While impact investing focuses on driving change, combining it with a more traditional investment approach increases your chances of profitability. Curry explains that impact investing funds social or environmental causes, and socially responsible investing (SRI) filters out companies that don’t meet specific ethical standards, like heavy greenhouse gas emitters. He says an ESG (environmental, social and governance) framework offers a filtering mechanism, but impact investing takes a more targeted approach.
The good news is that you don’t have to choose between profitability and making a difference. A well-diversified portfolio that follows evidence-based investing principles is still the best path forward, says Curry. However, he suggests it’s possible to carve out a portion of that portfolio for specific impact-driven projects. Doing so allows you to build wealth while moving the needle on positive change that is near and dear to your heart.
To learn more about impact investing, Curry recommends exploring resources like sustainable investing articles from Morningstar and articles from Dimensional fund advisors specializing in ESG investing.

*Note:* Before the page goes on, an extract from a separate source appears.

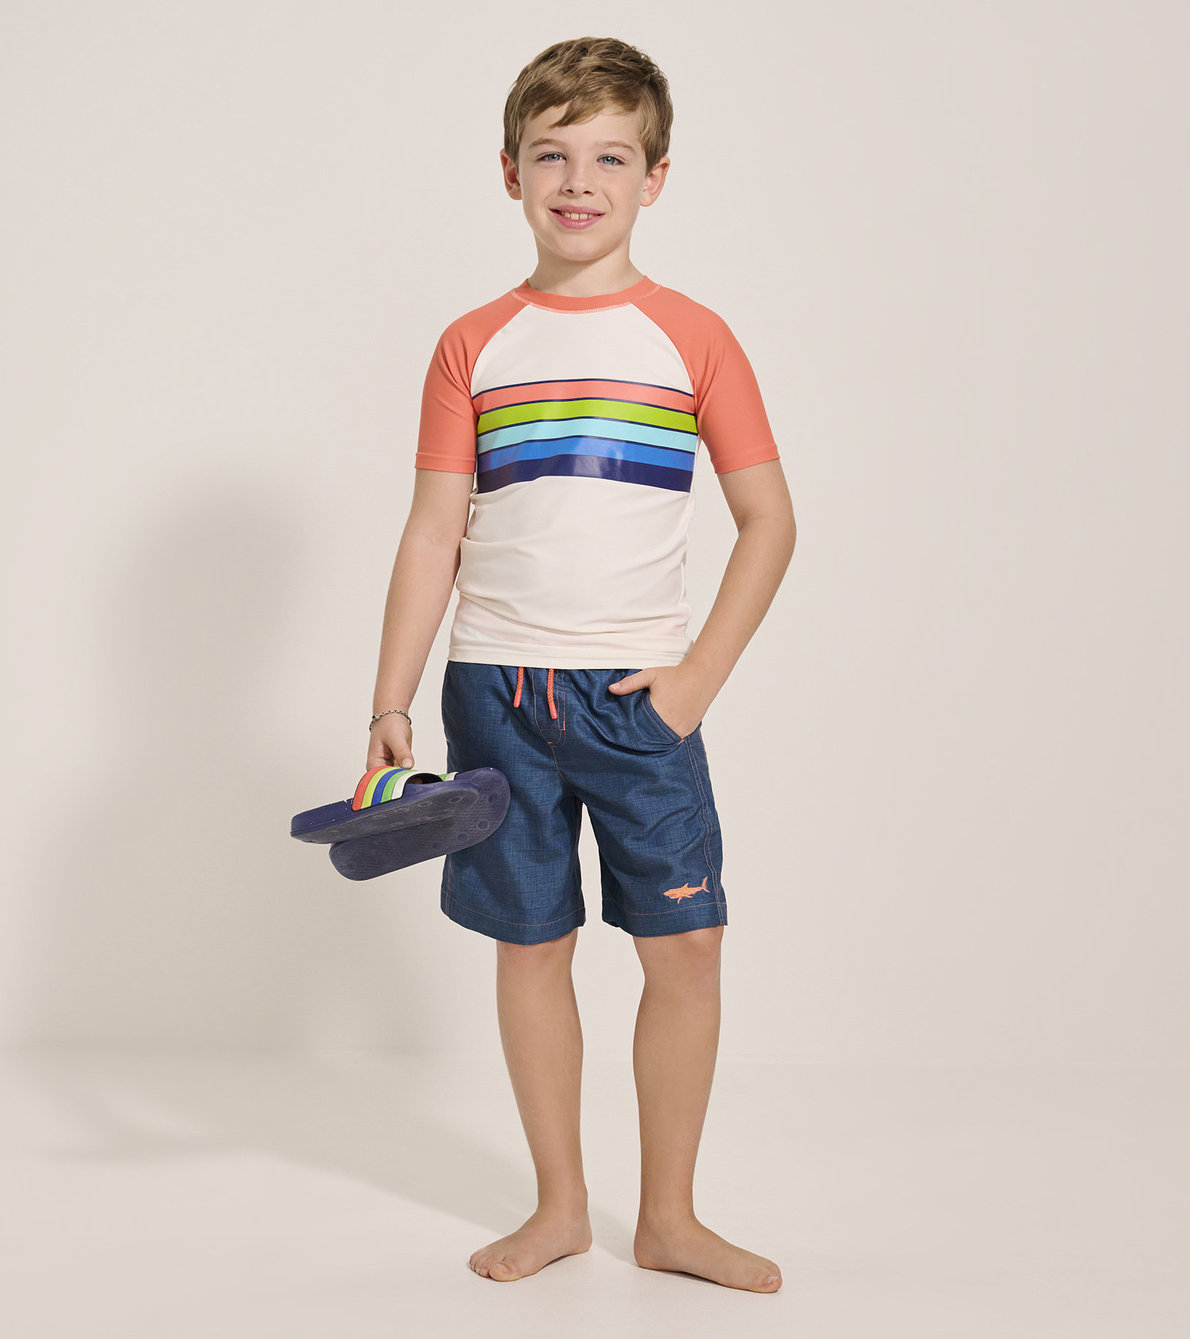 View larger image of Boys Surfer Stripes Short Sleeve Rashguard

These provide valuable tools for those seeking both impactful and lucrative investment opportunities.
Curry is a Millennial himself. His approach to impact investing is rooted in maintaining a broadly diversified portfolio while filtering out companies that don’t meet specific ESG criteria, such as those with high greenhouse gas emissions and those that produce tobacco or weapons. Curry leans on Dimensional’s criteria for ESG.
He also highlights the importance of shareholder involvement in pushing companies towards better ESG practices. “One of the potential problems I see with just completely avoiding companies that have any greenhouse gas emissions or doing anything that doesn’t fully align with ESG is you also don’t have a say. As a shareholder, you have votes around the board. You have a bit of a say,” he says.
But before jumping into impact investing, it’s crucial to identify your values. This helps guide your financial decisions and ensures your investments align with your long-term goals. As part of this process, Curry shares an exercise to help you clarify your values. Taking a values-driven approach is essential for more meaningful and informed investing.